• Data below
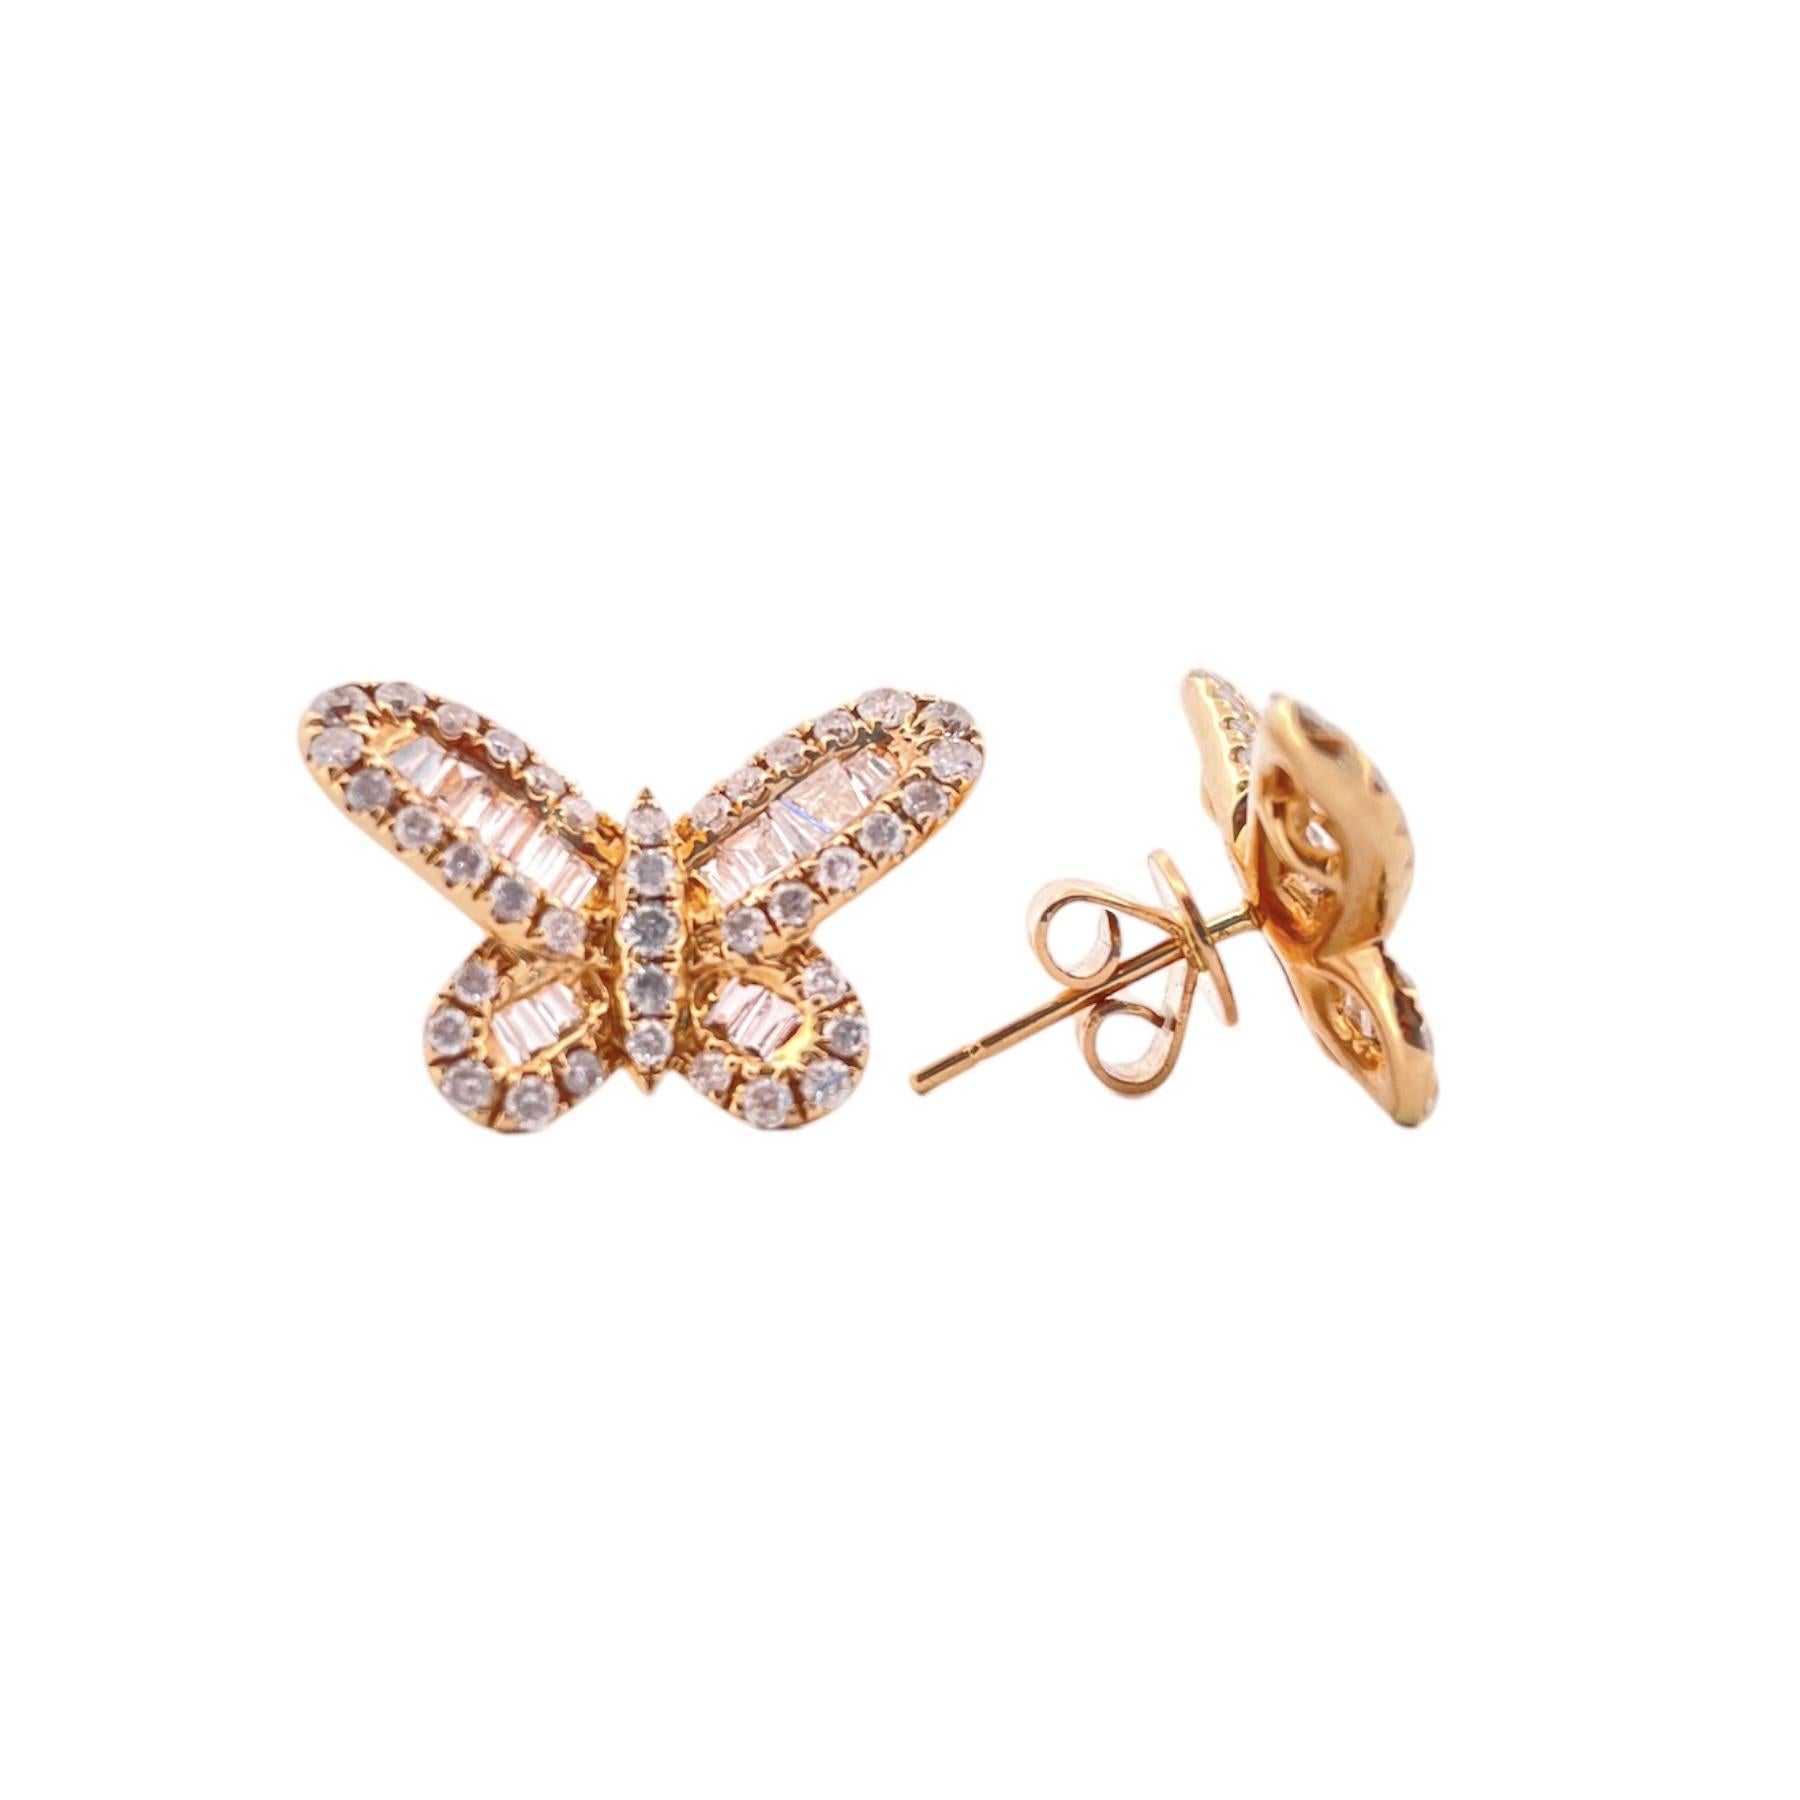 Gorgeous 14K Yellow Gold Diamond Butterfly Earring 
This piece weighs 4.9grams, 1.35carats of round brilliant.
Ready to soar through the clear sky, a butterfly is both elegant and graceful. These earrings feature fluttering wings filled with round

• Task objective
Skip the pictures, then return the rest of the data exactly.

• Exercise result
 Gorgeous 14K Yellow Gold Diamond Butterfly Earring 
This piece weighs 4.9grams, 1.35carats of round brilliant.
Ready to soar through the clear sky, a butterfly is both elegant and graceful. These earrings feature fluttering wings filled with round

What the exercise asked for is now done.